This short introduction uses [Keras](https://www.tensorflow.org/guide/keras/overview) to:

1. Build a neural network that classifies images.
2. Train this neural network.
3. And, finally, evaluate the accuracy of the model.


This is a [Google Colaboratory](https://colab.research.google.com/notebooks/welcome.ipynb) notebook file. Python programs are run directly in the browser—a great way to learn and use TensorFlow.
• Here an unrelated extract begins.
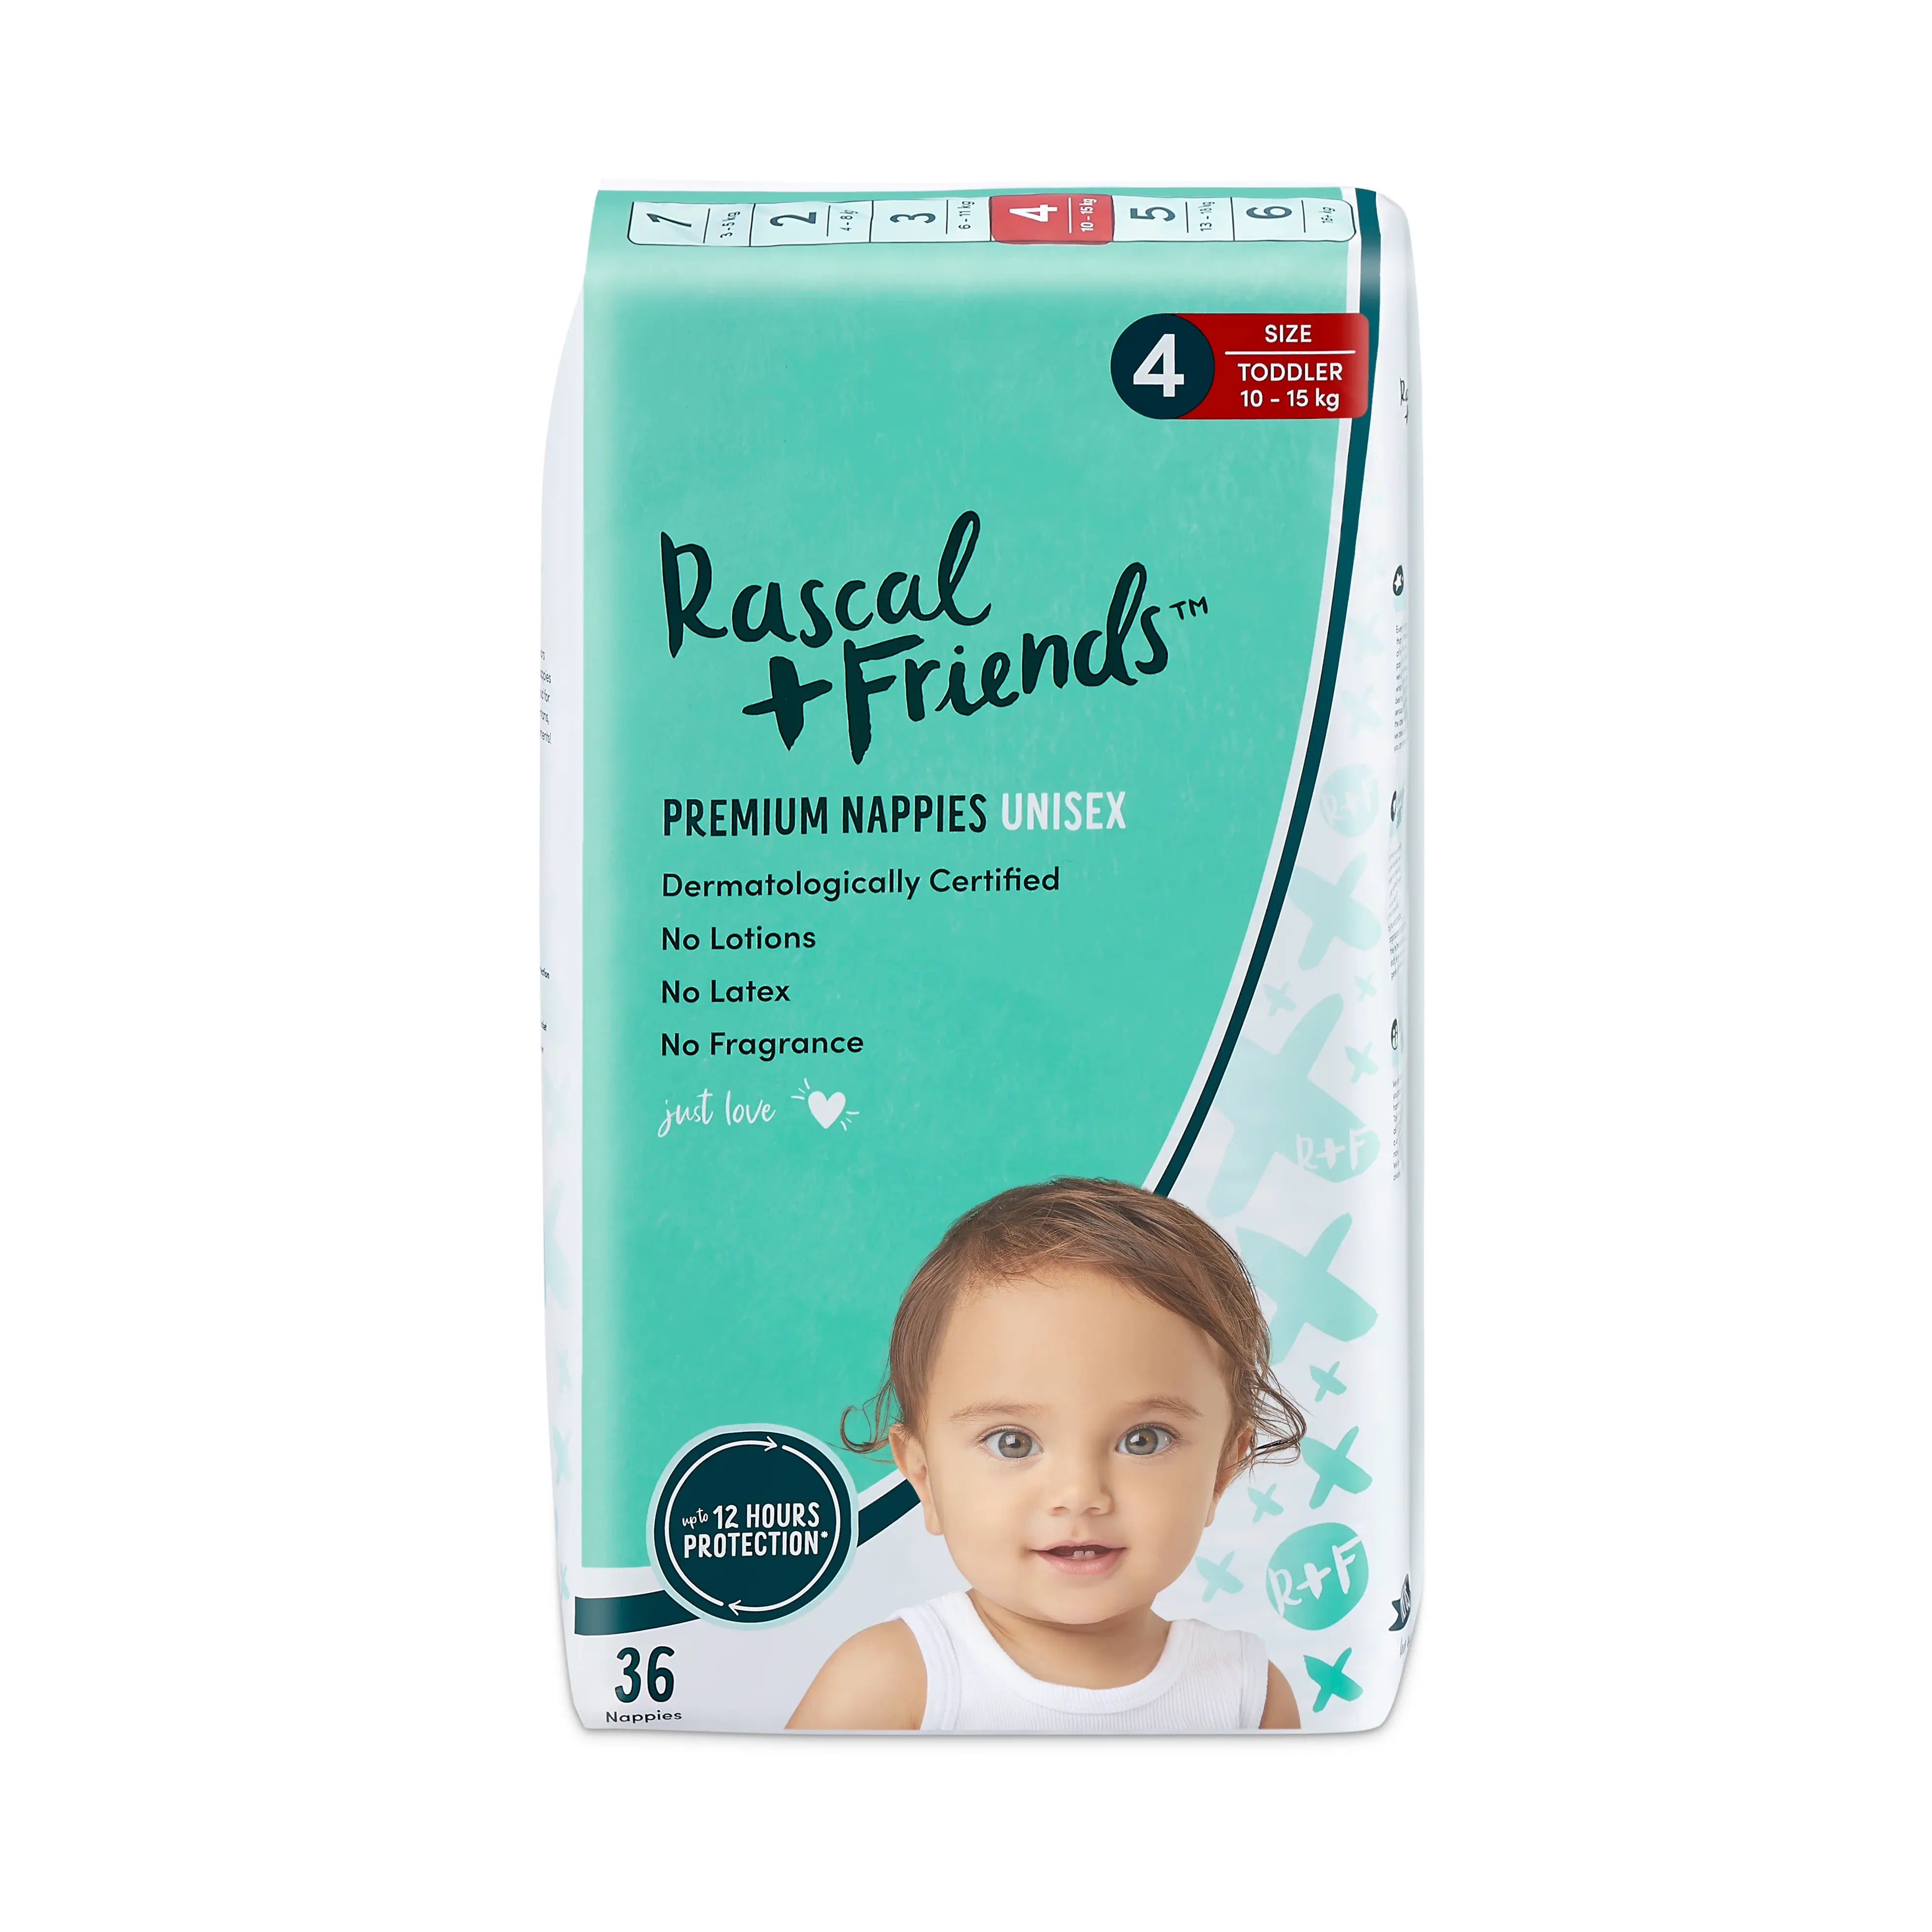 Rascal + Friends Premium Diapers, Size 1, 108 Count – Sidesv

To follow this tutorial, run the notebook in Google Colab by clicking the button at the top of this page.

1. In Colab, connect to a Python runtime: At the top-right of the menu bar, select _CONNECT_.
2. Run all the notebook code cells: Select _Runtime_ > _Run all_.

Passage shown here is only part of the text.